Using rate zonal centrifugation analysis of the detergent-soluble
fraction, we have previously observed an increase in the amount of ZO-1
in high-density fractions following ATP depletion, reflecting the
formation of large complexes (45). Because of the effects of BAPTA-AM
on TJ protein solubility and localization, we examined whether
intracellular calcium had a functional role in stabilizing these
protein complexes. As shown in Fig.
6A, the amount of detergent-extractable ZO-1 present in the higher sucrose density fractions increased following ATP depletion and normalized following ATP repletion in a pattern similar to that for the control cells. However, in the BAPTA-AM-treated cells, this reversibility was
inhibited, as the complexes containing ZO-1 remained in the high-density fractions. A similar effect was seen with occludin; there
was an increase in the amount of occludin found in the higher-density fractions on treatment with BAPTA-AM (Fig.
6B). These results suggest that
intracellular calcium may be required not only in the interactions
between TJ proteins and the cytoskeleton, as suggested by the Triton
X-100 extractability assay of the detergent-insoluble fractions (Fig.
5), but also in the stabilization of macromolecular complexes in the
detergent-soluble fractions (Fig. 6).
|
Calcium chelation stabilizes ZO-1-fodrin interaction after ATP
depletion-repletion.
We have previously reported that ATP depletion results in an
interaction (direct or indirect) between ZO-1 and fodrin (45), and
others have also reported that ZO-1 interacts with fodrin under certain
conditions (3, 4, 19). Because calcium chelation prevented ZO-1 from
returning to the soluble pool after ATP repletion (Fig. 5), we decided
to investigate whether it had an effect on the interaction between ZO-1
and fodrin-like cytoskeletal proteins. Immunoprecipitations with
anti-ZO-1 antibodies followed by Western blot and probing with
anti-fodrin antibody were then carried out. In our previous study, we
used a high ionic strength (1 M NaCl) buffer (CSK-2) as a
second step to enrich a subfraction of ZO-1 following extraction by
CSK-1, which has low ionic strength (100 mM NaCl) (45). We demonstrated
the association between this subfraction of ZO-1 and fodrin after ATP
depletion. In this study, we improved this procedure by using a
one-step buffer (1% Triton X-100, 1% NP-40, 1.5 mM
MgCl2, and 150 mM NaCl), which has
a higher detergent concentration yet physiological ionic strength (44). By using this buffer, we no longer need to use the high-salt, two-step
extraction but have sufficient yield of ZO-1 to analyze its association
with fodrin. Under this condition, we observed an increased association
of ZO-1 with fodrin in the BAPTA-AM-treated cells compared with the
untreated cells following ATP repletion (Fig.

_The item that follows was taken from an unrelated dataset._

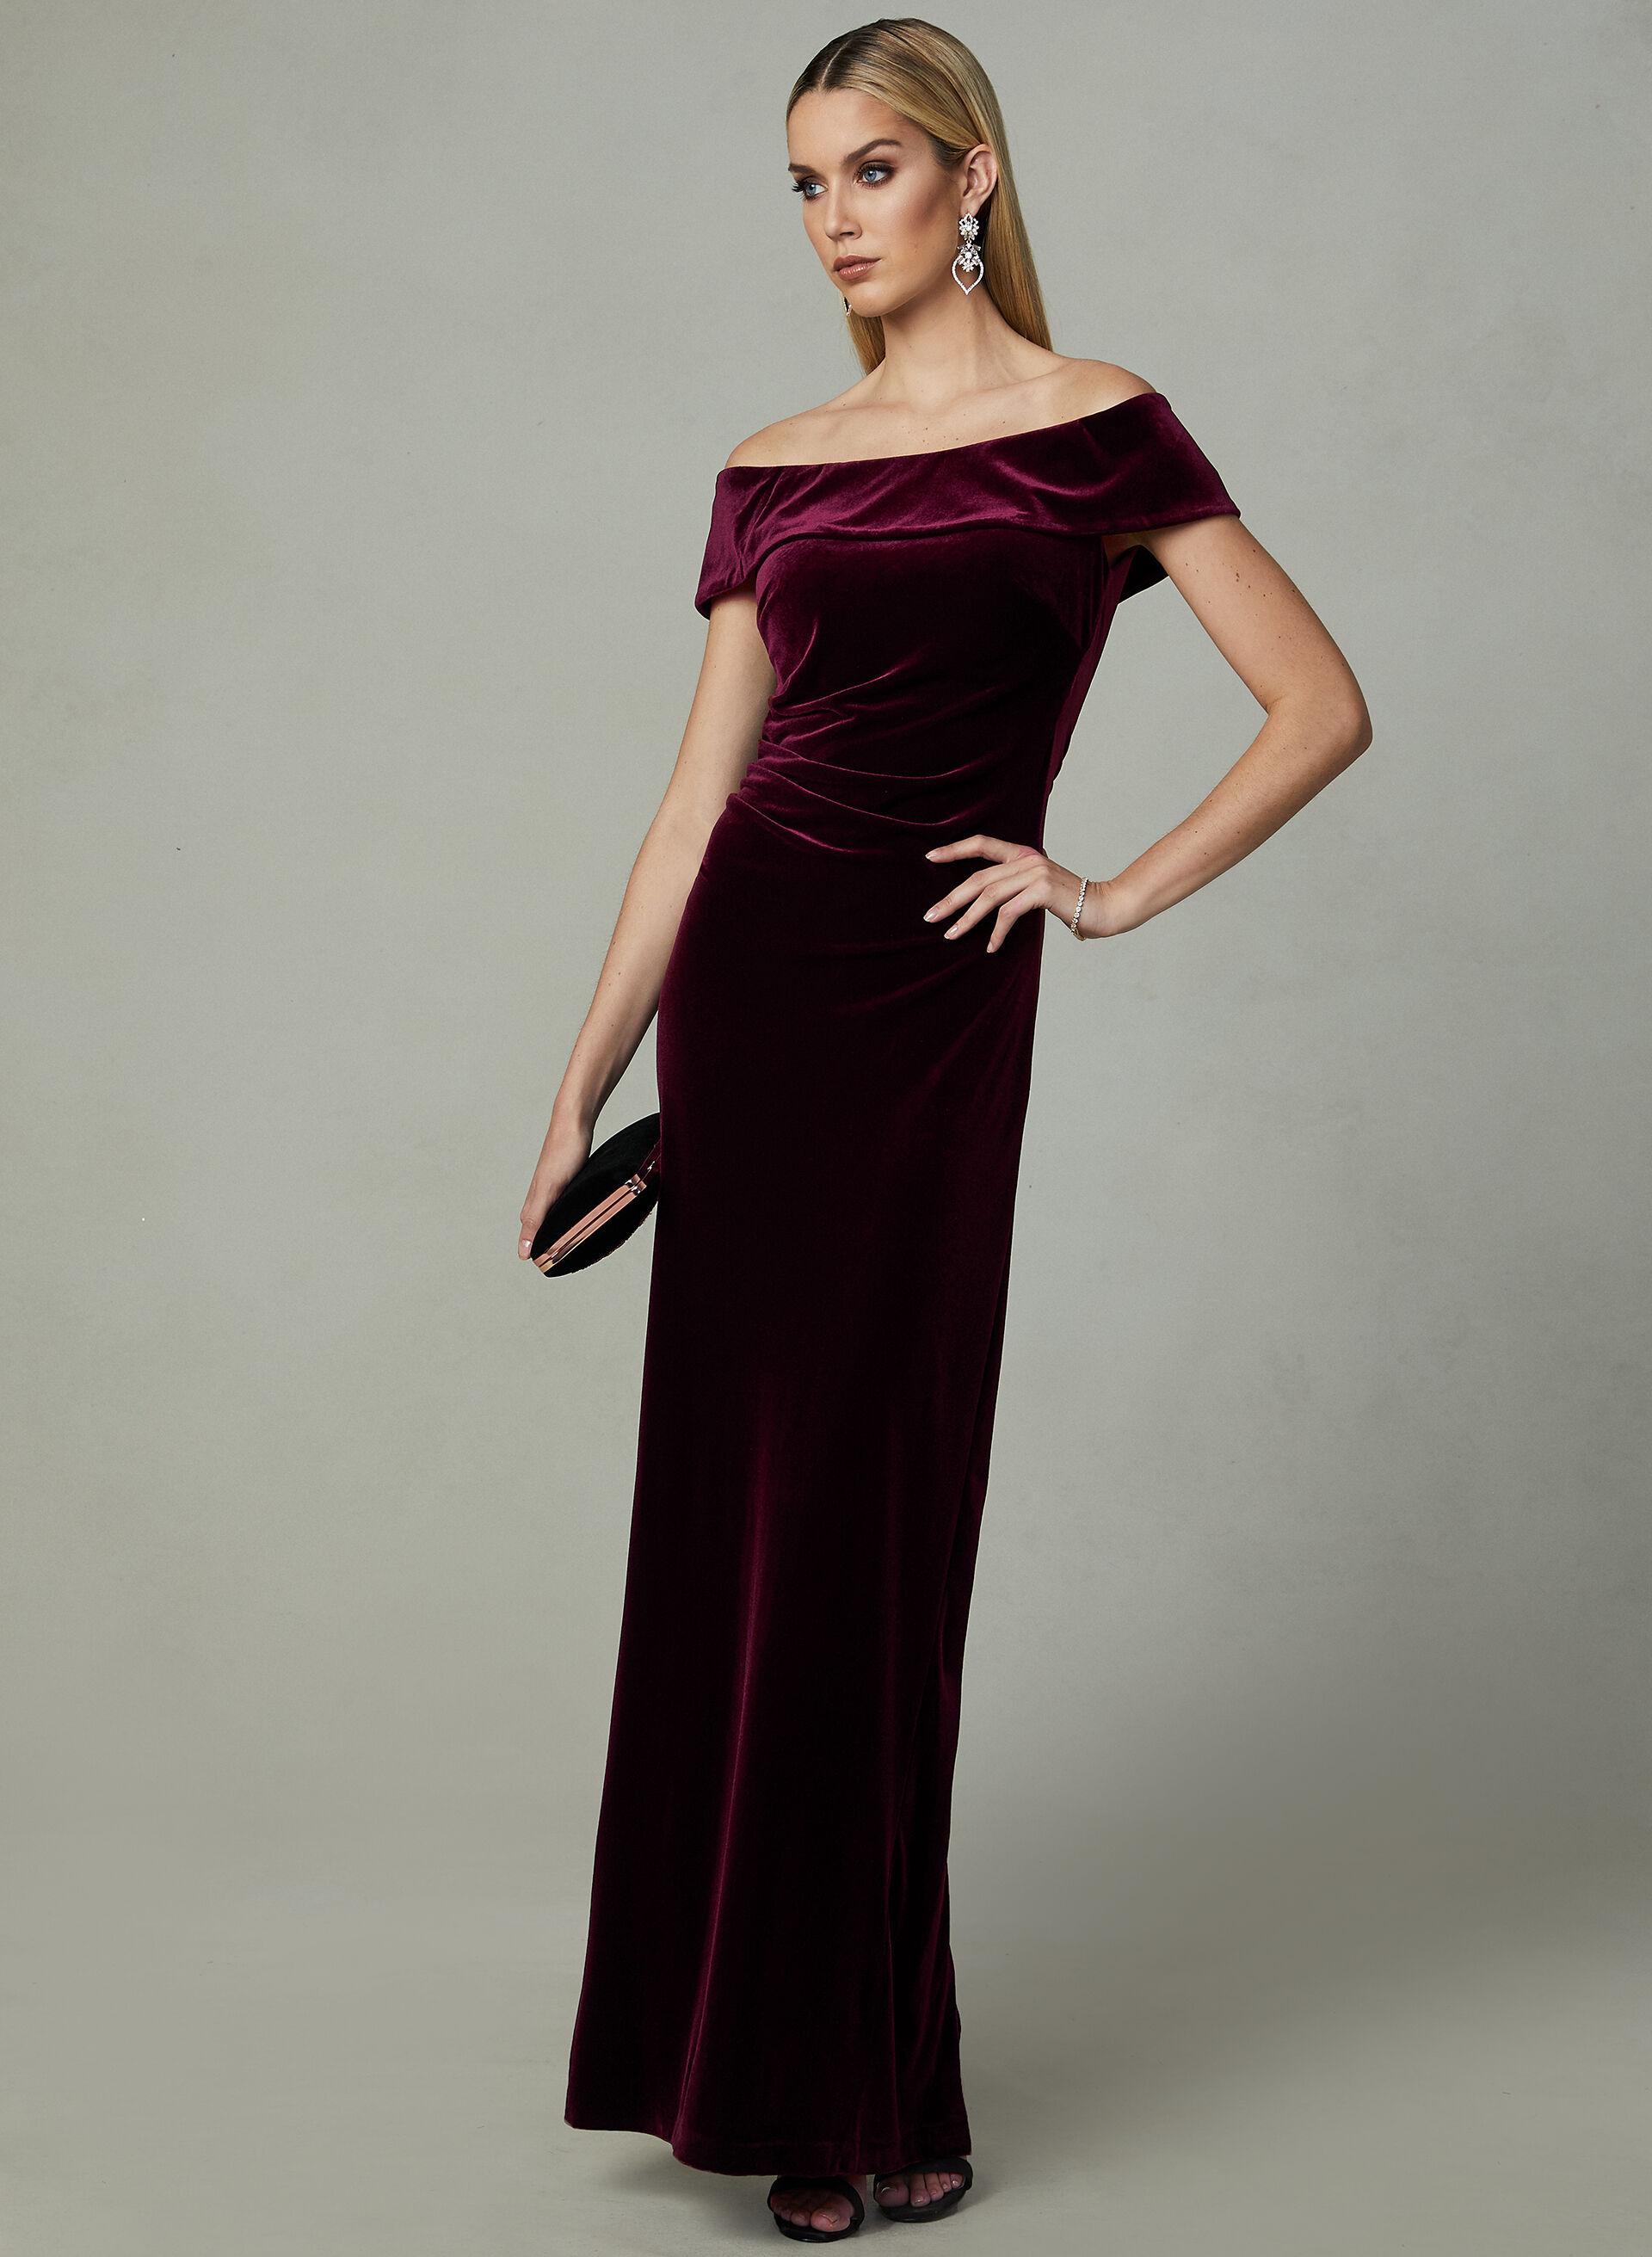 Evening Long Dresses On Sale

7); this apparently enhanced cytoskeletal
interaction may in part account for the decreased extractability of
ZO-1 with BAPTA-AM treatment.
|
![]() |
DISCUSSION |
---|
![]() ![]() ![]() ![]() ![]() ![]() ![]() |
---|
Although the important role of extracellular calcium in the development
of the junctional complex is well established, recent studies have
indicated that intracellular calcium is also critical for TJ
biogenesis, at least in the calcium switch model (33, 40, 43). In this
model, global and local (at the regions of cell contact) increases in
intracellular calcium occur during junction formation (33). When these
changes in intracellular calcium were buffered by chelation, a
disruption of TJ assembly was observed, as indicated by attenuated TER
development, altered sorting of ZO-1, as well as altered association
between the TJ and the cytoskeleton; however, in this model, unlike ATP
depletion-repletion, calcium chelation diminishes the TJ-cytoskeletal
interaction (43). In addition to absolute levels of intracellular
calcium, thapsigargin-sensitive calcium stores have also been found to
be critical for the development of the TJ in the calcium switch model
(40). Based on these and others findings, the existence of classic
signaling pathways involving calcium in the assembly and reassembly of
the TJ has been hypothesized (6). The recent emergence of the ATP
depletion-repletion model in MDCK cells for epithelial ischemia
has allowed us to examine how the TJ reassembles in the context of
recovery from epithelial injury (27, 28, 45, 45a). In this model, we
observed that ATP depletion leads to a disruption of the TJ barrier and
is associated with an interaction between TJ proteins and the
submembranous actin cytoskeleton, as well as formation of large
ZO-1-containing complexes, but without a clearly detectable change in
the localization of ZO-1. This is roughly the opposite of what happens
during TJ disassembly in the calcium switch, which is a much more
widely utilized but less pathophysiologically relevant model (6). Because these changes are reversible after ATP repletion, the ATP
depletion-repletion model provides a useful system to examine how the
TJ barrier is reestablished after injury and to analyze possible
mechanisms or factors that are critical for the reassembly of the TJ.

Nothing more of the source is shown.